Оценив его сдержанность, комиссар снова обретает хорошее расположение духа.

— Хотите последние городские новости, Хамелеон? Ничего интересного, правда: двоих ограбили мотоциклисты и один выбросился с пятого этажа — его выселили из дома. Вот что значит немедленно освободить квартиру.

(Никто не смеется.)

— По-человечески жаль, конечно. Но, поработав здесь, волей-неволей становишься толстокожим. Верно, Олля? Отвечайте!

— По-человечески да, — говорит Олля и от раздражения печатает: «Сегоднеш, его чивла» — приходится исправлять.

— Читал вашу статью о завершении дела Леоне, — продолжает комиссар. — Неплохо. Разве что кое-какие имена излишни, несколько нарочиты.

— Мне ее главный редактор правил, — объясняет Хамелеон, — у меня было по-другому. И вообще, многое в этом деле не убеждает, комиссар.

— Олля, иди помоги Пинотти, — сухо командует Порцио.

— Но тъм и тък уже тпое, — возражает Олля, переживающий машинописный кризис.

— Все равно иди.

— Понял. Ид!, синьшр ко№иссар, — отвечает Олля.

Они остаются с глазу на глаз — четвертая власть и пятая.

Комиссар восседает за грозным, цвета морской воды простором своего письменного стола.

— И что же вам, Хамелеон, кажется неубедительным?

Смелости у Карло поубавилось, но на этот раз он уже не молчит:

— Прежде всего — история Сандри. Оставим его прежние судимости, но я не понимаю, зачем человеку дома столько винтовок. Потом, этот оптический прицел... объясните, почему о нем нельзя даже заикнуться? Ну хорошо, бог с ним... однако... ну, а тот фотограф, который со всеми накоротке... ладно, бог с ним тоже... а Клещ... а эта история с ограблением... короче говоря, по-моему, это дело закрыли уж слишком поспешно.

— Мой милый юноша, — произносит комиссар и, вставая, вновь демонстрирует свою знаменитую царственную поступь, — может быть, вам было бы приятно узнать, что по крышам одного из районов нашего города кочует «кукушка»? Вам хотелось бы жить, ощущая такой «фактор напряженности»?

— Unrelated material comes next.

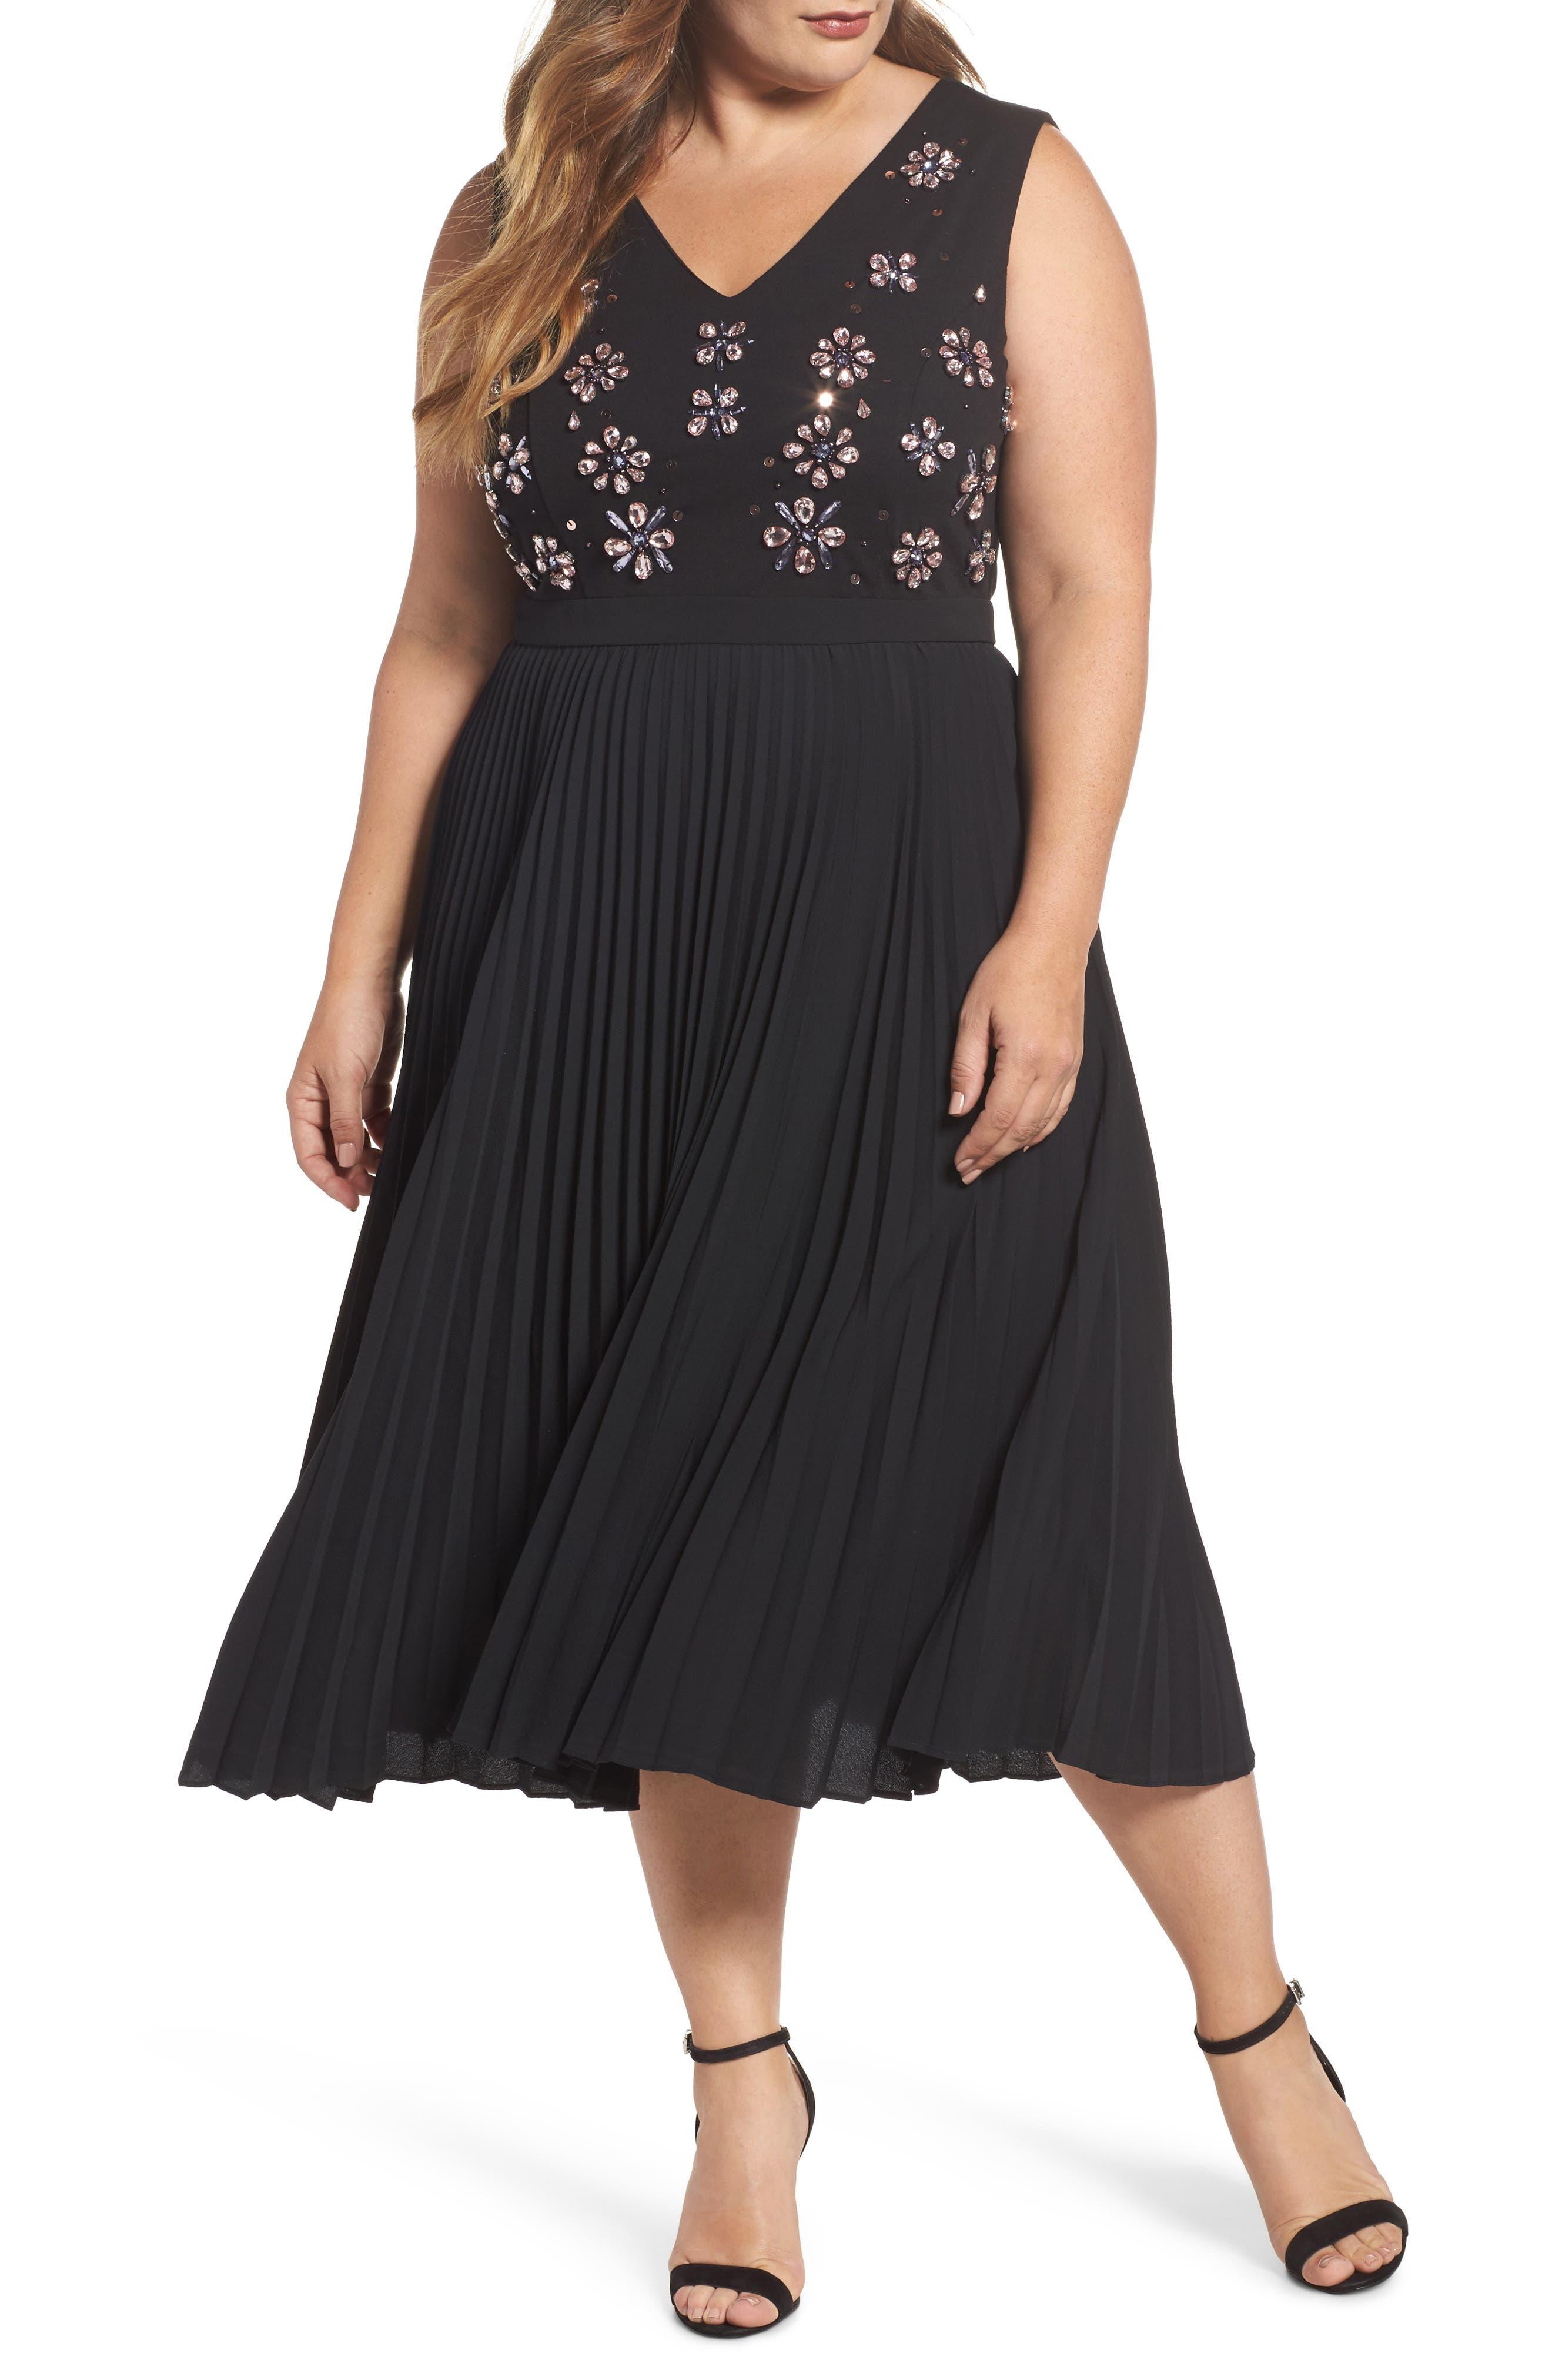 Crystal Flower Embellished Dress,                         Main,                         color, 001

Господи, опять эти кавычки!

— Вам бы хотелось, чтоб наш город уподобился Чикаго, Бейруту или Аддис-Абебе? И чтобы всякий мог в любой момент стрельнуть вам в голову?

— Я думаю...

— Не надо слишком много думать. Берите пример с многих ваших коллег, которые решили остудить на какое-то время свою мозговую корку. Вон у вас сколько дел. Конгрессы, жюри, энциклопедии. Загляните-ка в газету: что пьют ВИПы? На каких матрасах спят? У вас всегда спрашивают ваше мнение, а у меня только про пистолеты и бомбы. Что ж, вполне естественно, ведь только мы и сведущи в таких делах — от одиночного выстрела до поезда, взлетевшего на воздух. Или вы хотите, чтобы про матрасы отвечал я?

— Но люди...

— Люди уж и думать забыли про этого Леоне. Тот, кто стрелял, не достиг своей цели — дать нам почувствовать нашу слабость. В городе царит спокойствие, а в этом районе, как и прежде, спокойнее, чем в любом другом. Аминь!

— Пусть он цели своей не достиг, но в парня попал. И парень этот не спокоен, он мертв.

— Только он один. А выпусти мы обстановку из-под контроля, люди откроют перестрелку из окон.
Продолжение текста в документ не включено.